*** Opening of Extracted material ***
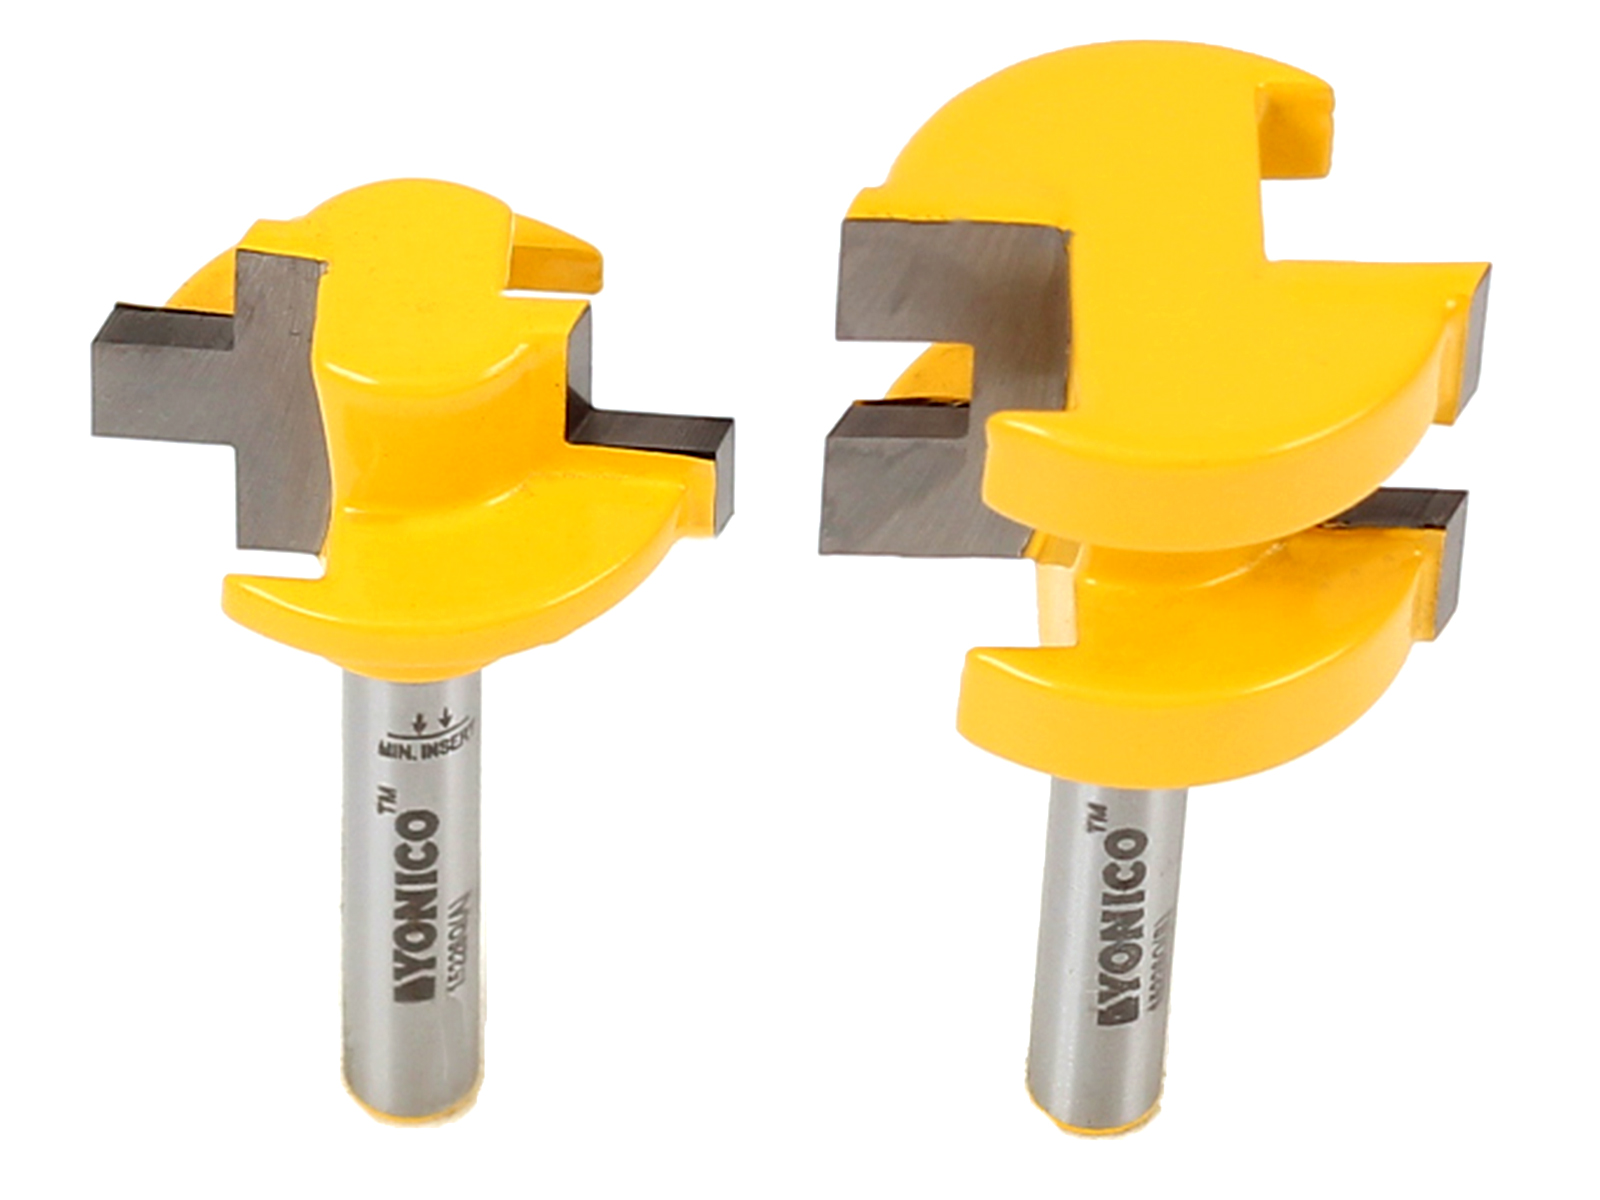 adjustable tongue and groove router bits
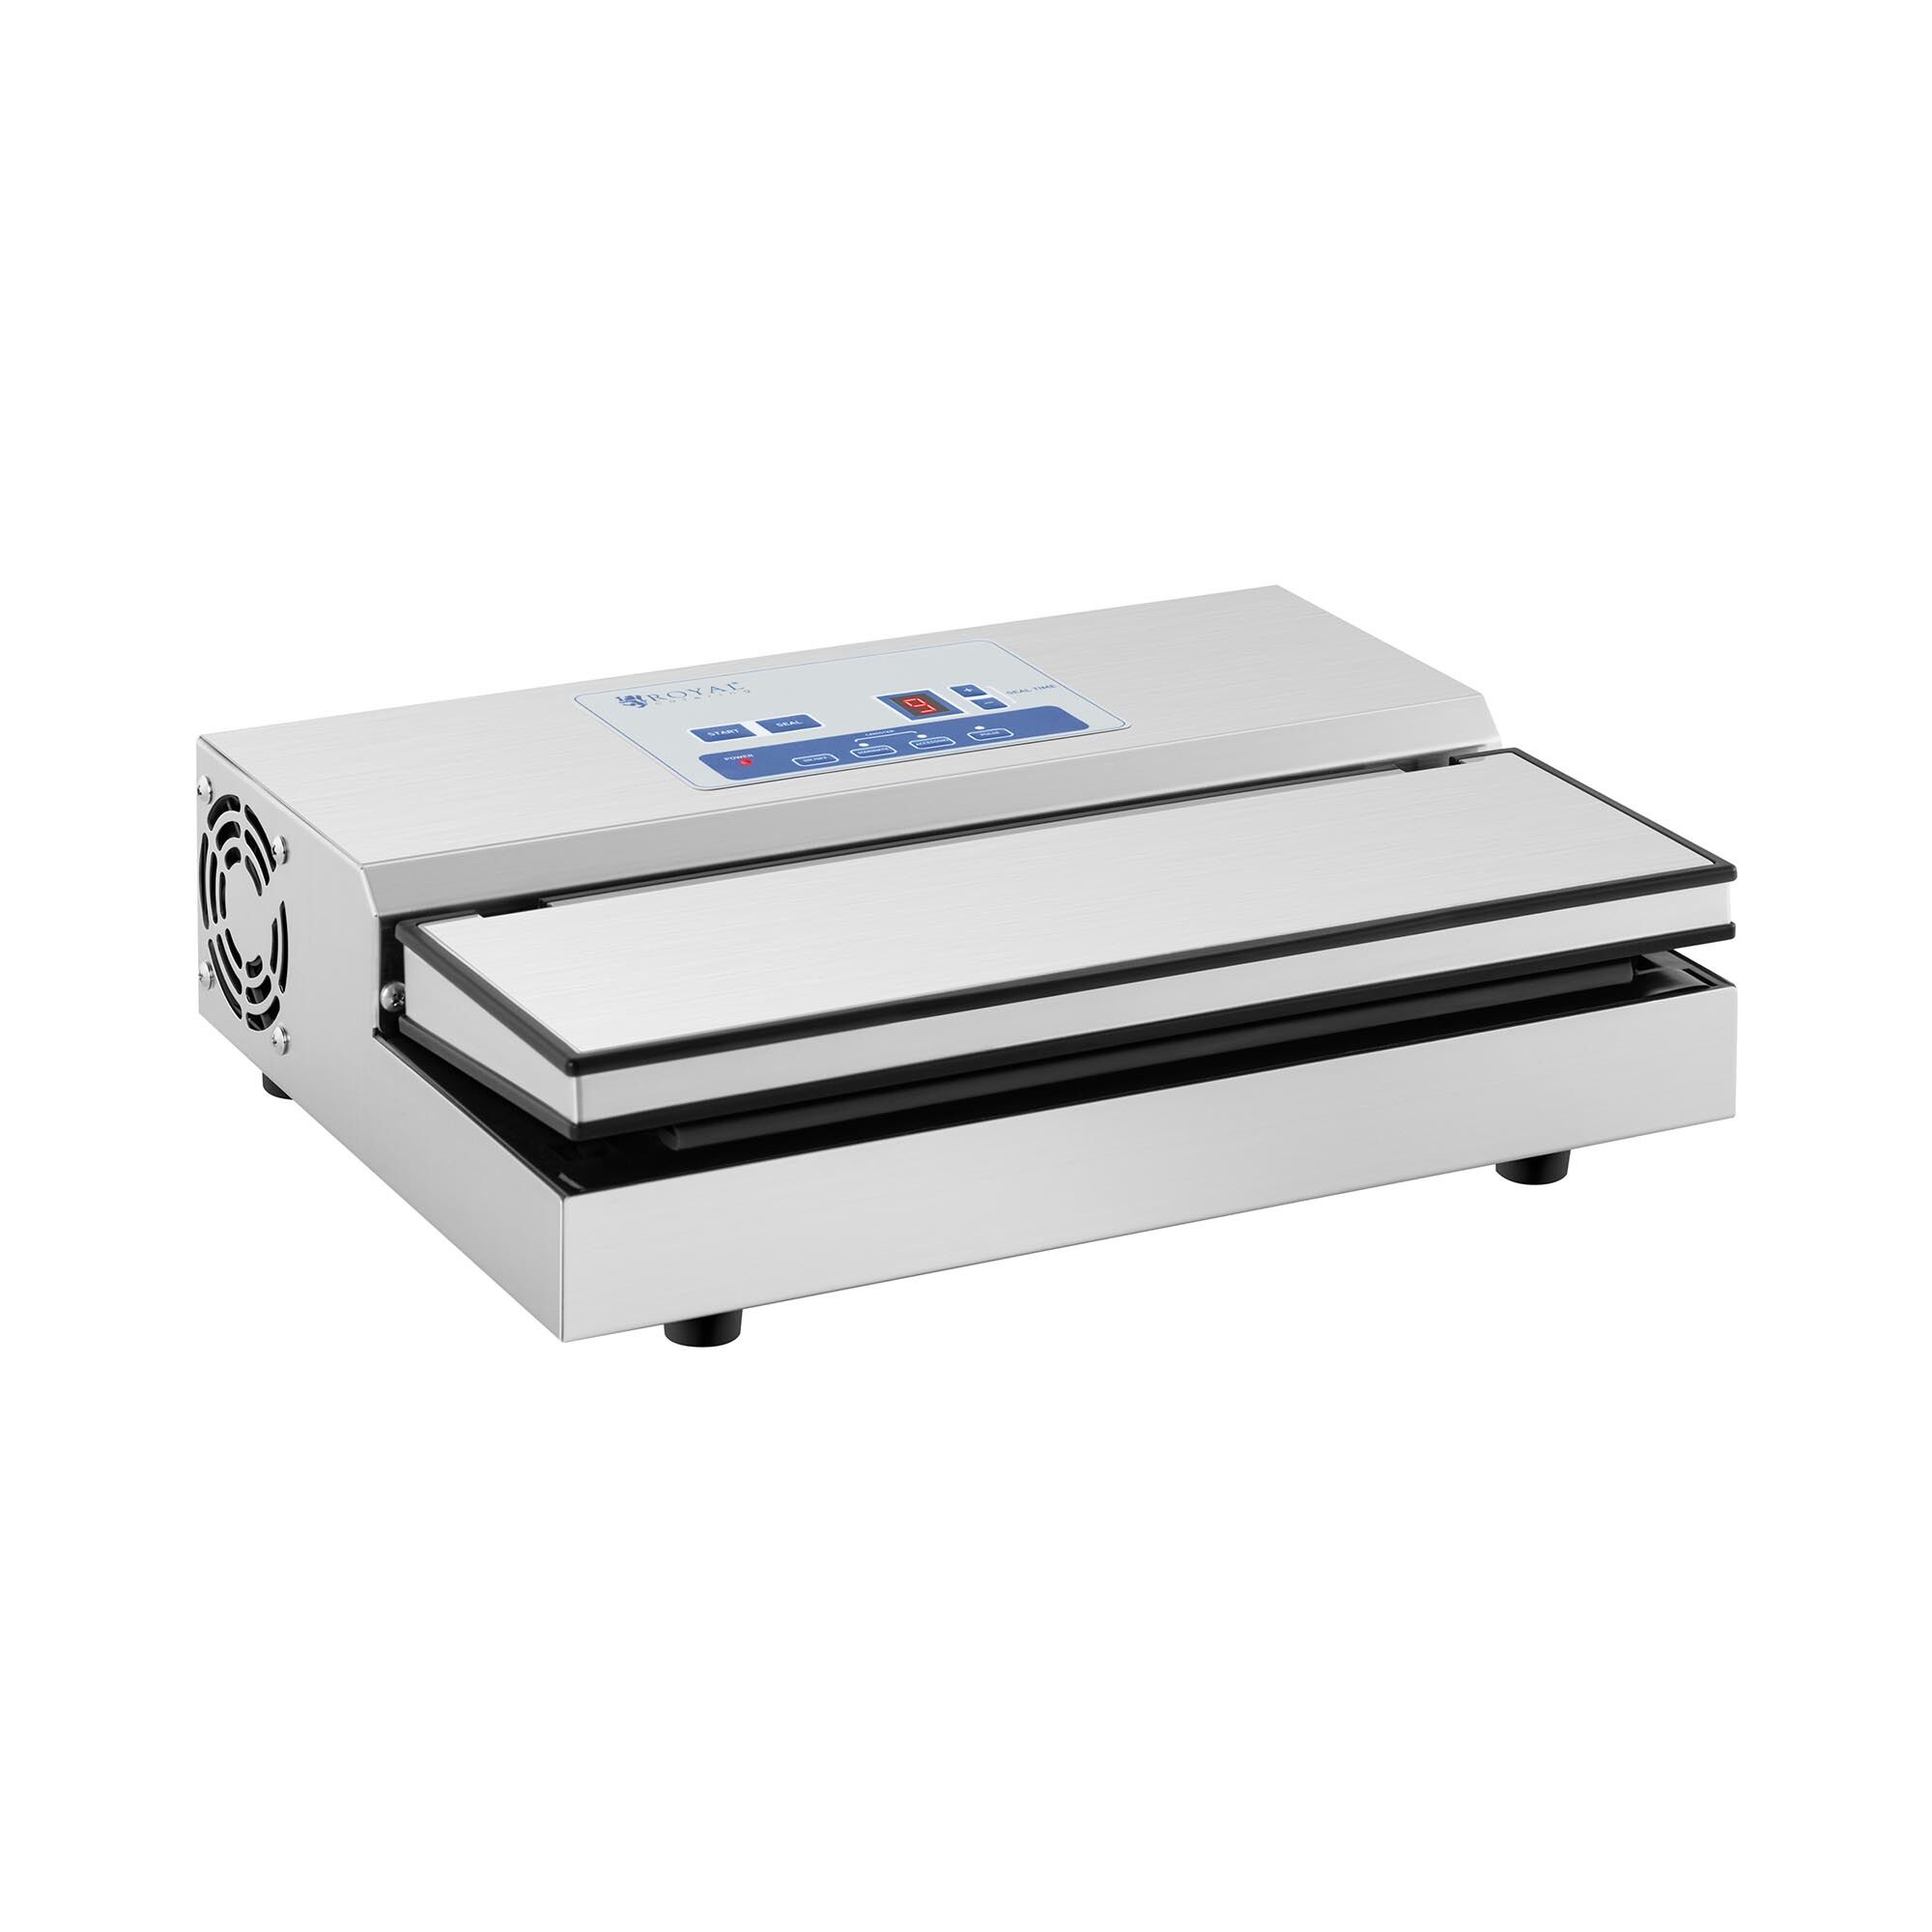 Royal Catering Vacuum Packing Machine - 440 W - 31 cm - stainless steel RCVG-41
*** Close of Extracted material ***
*** Opening of Extracted material ***
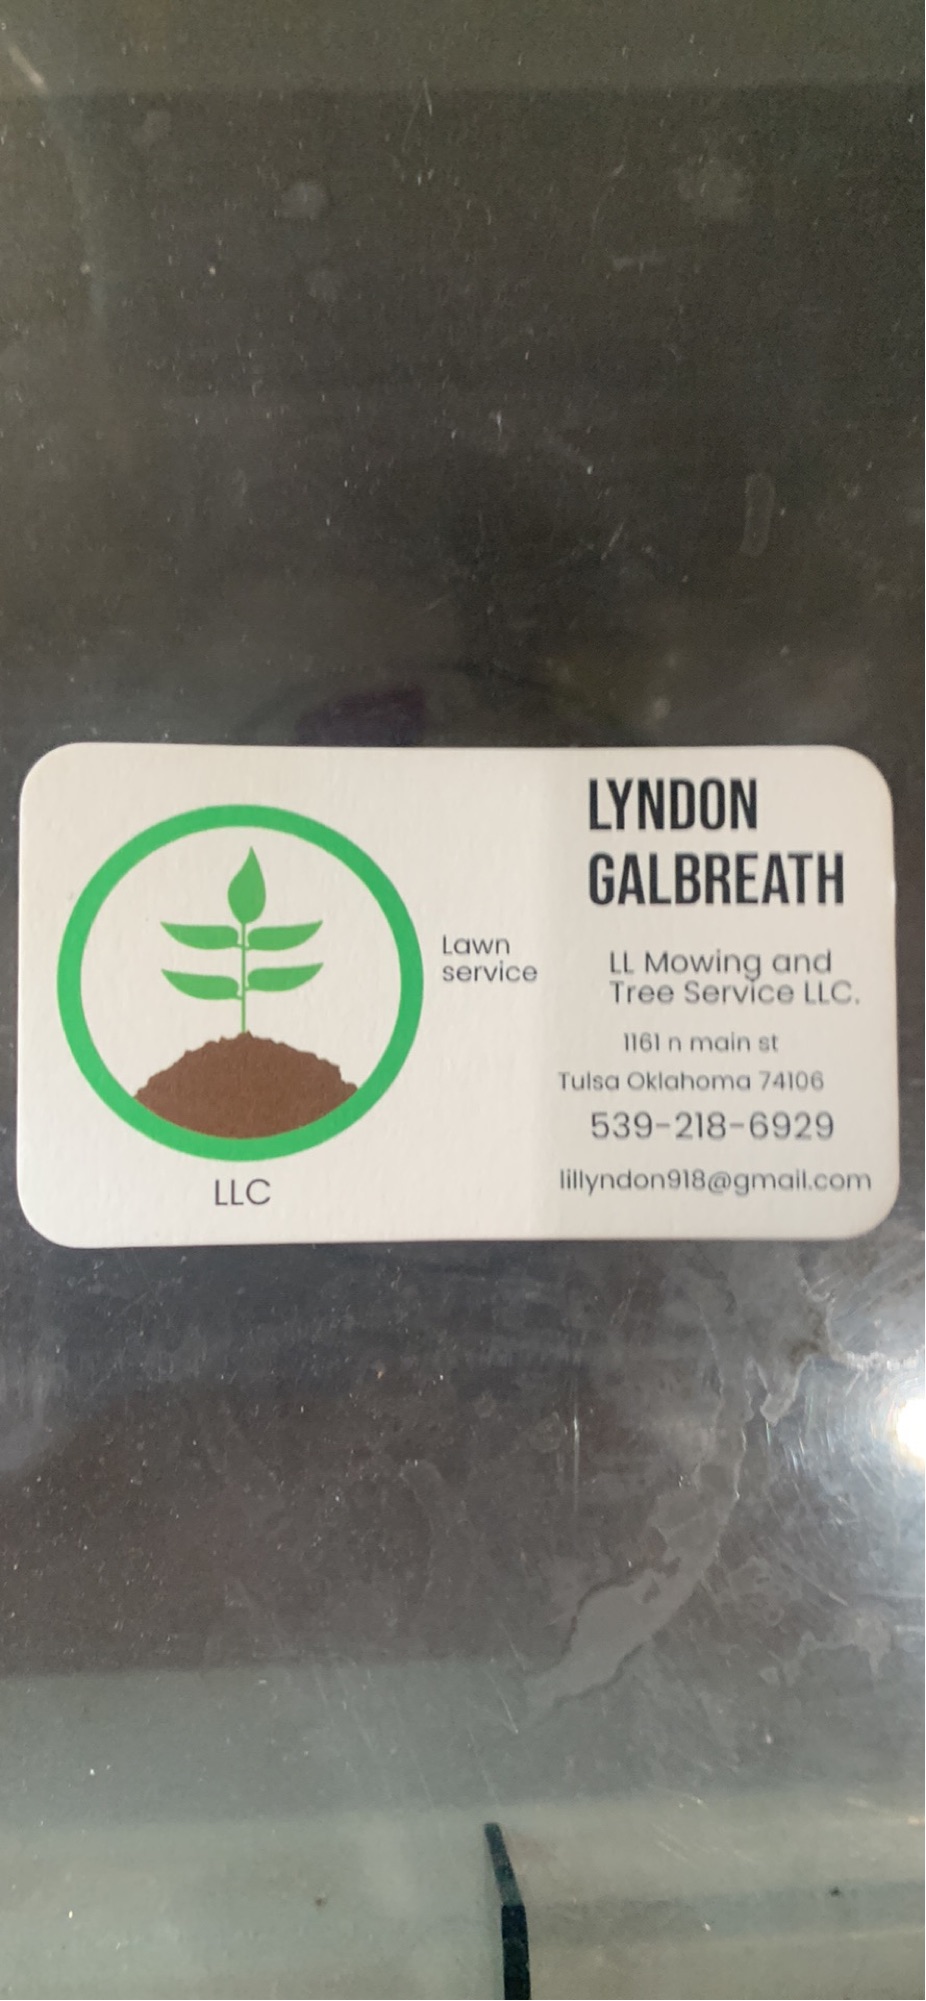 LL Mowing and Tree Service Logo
*** Close of Extracted material ***
_Exercise requirements_
In the listing above, find the line holding "adjustable tongue and groove router bits" and the line holding "Royal Catering Vacuum". Reproduce those two lines and all between them exactly, leaving out pictures.

_Task output_
 adjustable tongue and groove router bits
 Royal Catering Vacuum Packing Machine - 440 W - 31 cm - stainless steel RCVG-41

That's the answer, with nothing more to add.